• Problem description: Restate word for word every line from the top of the data below down through the line that holds "Women's Chanel Silk".

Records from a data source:
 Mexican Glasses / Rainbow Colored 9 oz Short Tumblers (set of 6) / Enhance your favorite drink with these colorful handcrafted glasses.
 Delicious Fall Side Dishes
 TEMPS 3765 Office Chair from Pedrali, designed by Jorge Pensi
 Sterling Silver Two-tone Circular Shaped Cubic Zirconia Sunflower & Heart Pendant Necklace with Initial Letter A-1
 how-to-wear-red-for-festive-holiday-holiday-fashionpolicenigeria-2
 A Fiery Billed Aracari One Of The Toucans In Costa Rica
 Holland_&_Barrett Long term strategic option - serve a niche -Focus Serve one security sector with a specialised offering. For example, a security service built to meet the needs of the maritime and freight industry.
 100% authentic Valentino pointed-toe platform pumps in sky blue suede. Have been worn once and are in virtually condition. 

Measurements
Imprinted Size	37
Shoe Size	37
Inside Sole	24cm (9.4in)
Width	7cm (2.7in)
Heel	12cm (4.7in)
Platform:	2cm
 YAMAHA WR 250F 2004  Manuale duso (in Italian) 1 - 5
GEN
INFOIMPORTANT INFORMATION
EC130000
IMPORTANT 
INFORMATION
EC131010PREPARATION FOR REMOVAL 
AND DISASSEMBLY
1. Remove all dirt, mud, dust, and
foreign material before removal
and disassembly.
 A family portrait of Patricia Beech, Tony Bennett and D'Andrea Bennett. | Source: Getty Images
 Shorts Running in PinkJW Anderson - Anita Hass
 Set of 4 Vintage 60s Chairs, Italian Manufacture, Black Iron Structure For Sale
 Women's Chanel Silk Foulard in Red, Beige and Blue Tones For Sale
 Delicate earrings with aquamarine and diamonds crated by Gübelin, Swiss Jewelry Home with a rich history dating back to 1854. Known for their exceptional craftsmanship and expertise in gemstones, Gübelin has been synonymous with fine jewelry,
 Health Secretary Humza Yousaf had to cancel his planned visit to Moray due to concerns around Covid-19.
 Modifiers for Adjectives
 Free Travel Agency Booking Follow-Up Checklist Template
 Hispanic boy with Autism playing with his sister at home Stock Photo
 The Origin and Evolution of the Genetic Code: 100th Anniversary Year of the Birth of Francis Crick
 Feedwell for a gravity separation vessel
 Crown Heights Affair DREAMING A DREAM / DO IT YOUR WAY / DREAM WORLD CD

• Answer to this task:
 Mexican Glasses / Rainbow Colored 9 oz Short Tumblers (set of 6) / Enhance your favorite drink with these colorful handcrafted glasses.
 Delicious Fall Side Dishes
 TEMPS 3765 Office Chair from Pedrali, designed by Jorge Pensi
 Sterling Silver Two-tone Circular Shaped Cubic Zirconia Sunflower & Heart Pendant Necklace with Initial Letter A-1
 how-to-wear-red-for-festive-holiday-holiday-fashionpolicenigeria-2
 A Fiery Billed Aracari One Of The Toucans In Costa Rica
 Holland_&_Barrett Long term strategic option - serve a niche -Focus Serve one security sector with a specialised offering. For example, a security service built to meet the needs of the maritime and freight industry.
 100% authentic Valentino pointed-toe platform pumps in sky blue suede. Have been worn once and are in virtually condition. 

Measurements
Imprinted Size	37
Shoe Size	37
Inside Sole	24cm (9.4in)
Width	7cm (2.7in)
Heel	12cm (4.7in)
Platform:	2cm
 YAMAHA WR 250F 2004  Manuale duso (in Italian) 1 - 5
GEN
INFOIMPORTANT INFORMATION
EC130000
IMPORTANT 
INFORMATION
EC131010PREPARATION FOR REMOVAL 
AND DISASSEMBLY
1. Remove all dirt, mud, dust, and
foreign material before removal
and disassembly.
 A family portrait of Patricia Beech, Tony Bennett and D'Andrea Bennett. | Source: Getty Images
 Shorts Running in PinkJW Anderson - Anita Hass
 Set of 4 Vintage 60s Chairs, Italian Manufacture, Black Iron Structure For Sale
 Women's Chanel Silk Foulard in Red, Beige and Blue Tones For Sale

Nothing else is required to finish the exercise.